VPC endpoints are a single instance of a particular thing. They are highly available clusters of resources that are managed by AWS, and they scale according to your needs.
Today, we only have VPC Endpoints for Amazon S3. Once you have created a VPC Endpoint, a default route is added to the Route table you specified during the Endpoint creation. This default route accepts and automatically route all S3 request to S3 buckets in the same Region as your VPC. All outer Region S3 requests are routed via your NAT Instance, Internet Gateway or via any other route you have specified for Internet Access.
Therefore, VPC Endpoints for S3 allows you to make your HTTP/HTTPS request to your S3 buckets (in the same Region as your VPC) without traversing the Internet.
This adds another layer of security that you didn’t have before.
The following illustration shows VPC endpoints.
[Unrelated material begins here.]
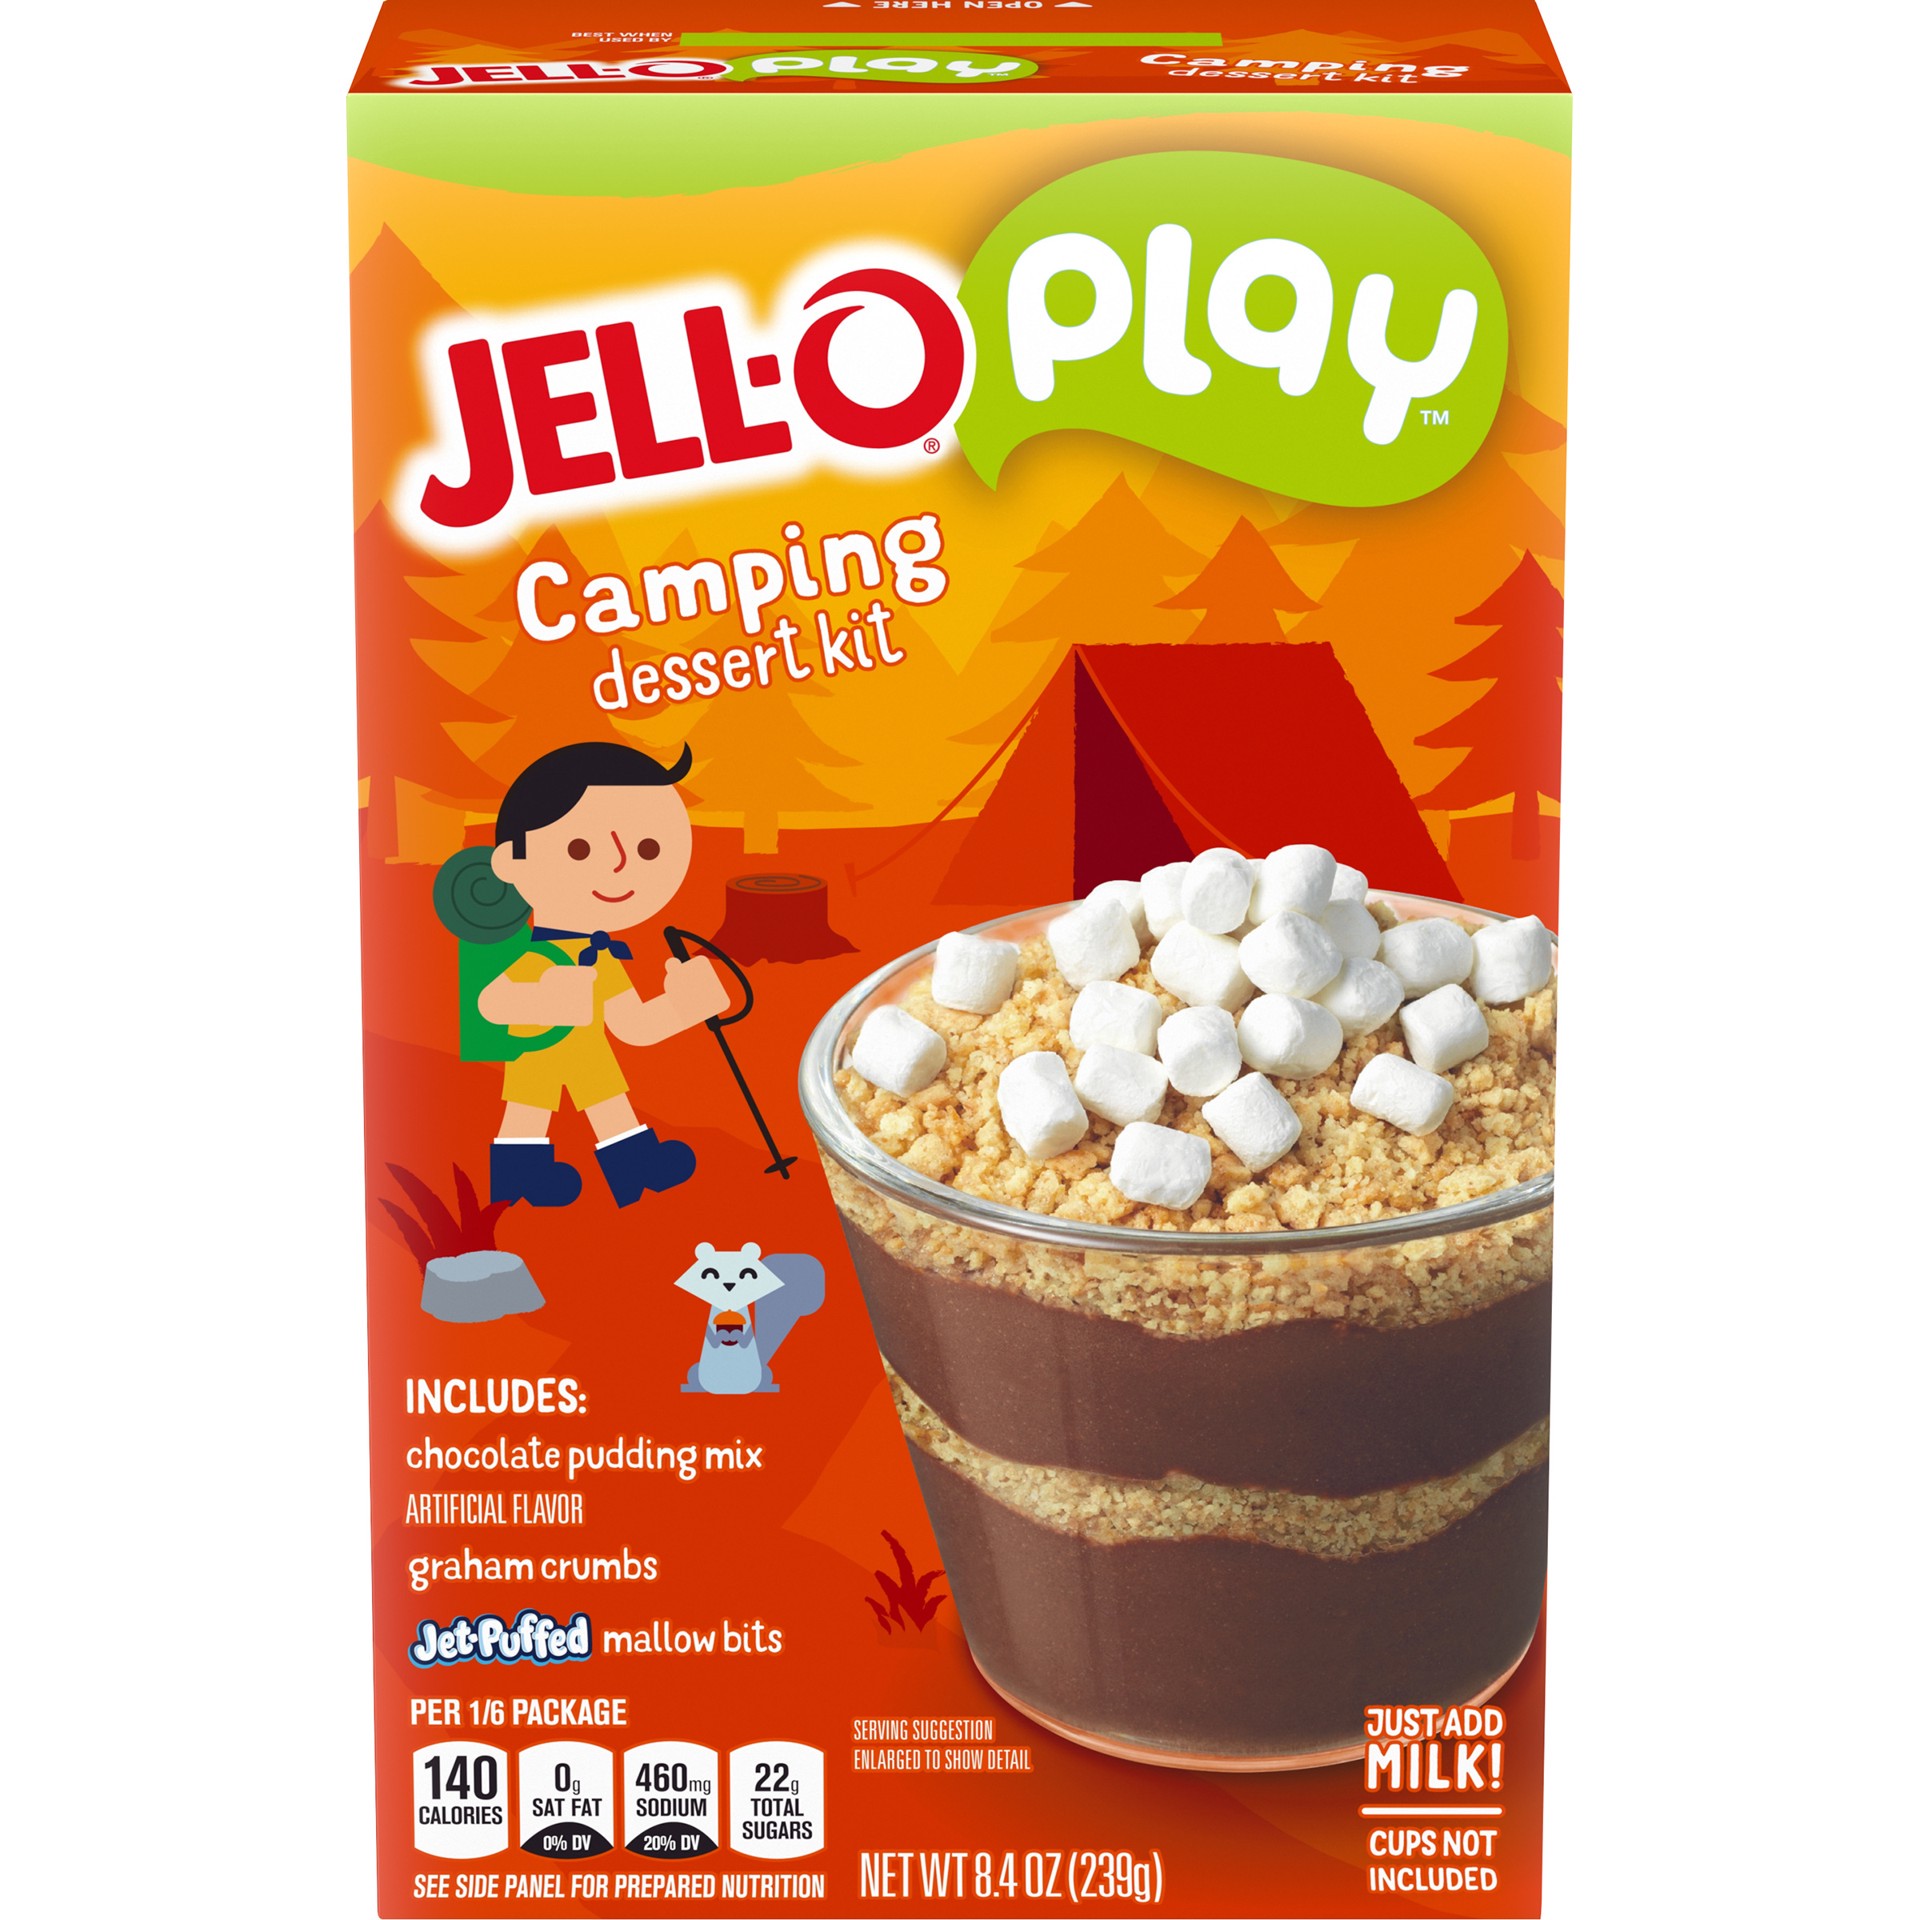 slide 5 of 11, Jell-O Play Camping Dessert Kit with Chocolate Pudding Mix, Graham Crumbs & Jet-Puffed Marshmallow Bits, 8.4 oz Box, 8.4 oz

It is important to note that transient routing of requests from a network outside of your VPC to an AWS endpoint is not allowed. However, you can set up a proxy farm within your VPC whose subnet is allowed to route requests to the VPC endpoint. With this set up, you can route requests to the proxy farm, which in turn will hand your request off to the VPC endpoint.
For more information, see VPC Endpoint.
In this post, we provided recommendations on how the Amazon VPC can be leveraged to help you to build highly available and secure environments with the latency requirements that your application requires to work efficiently.
For a deeper look at Amazon VPC, see the Amazon Virtual Private Cloud User Guide.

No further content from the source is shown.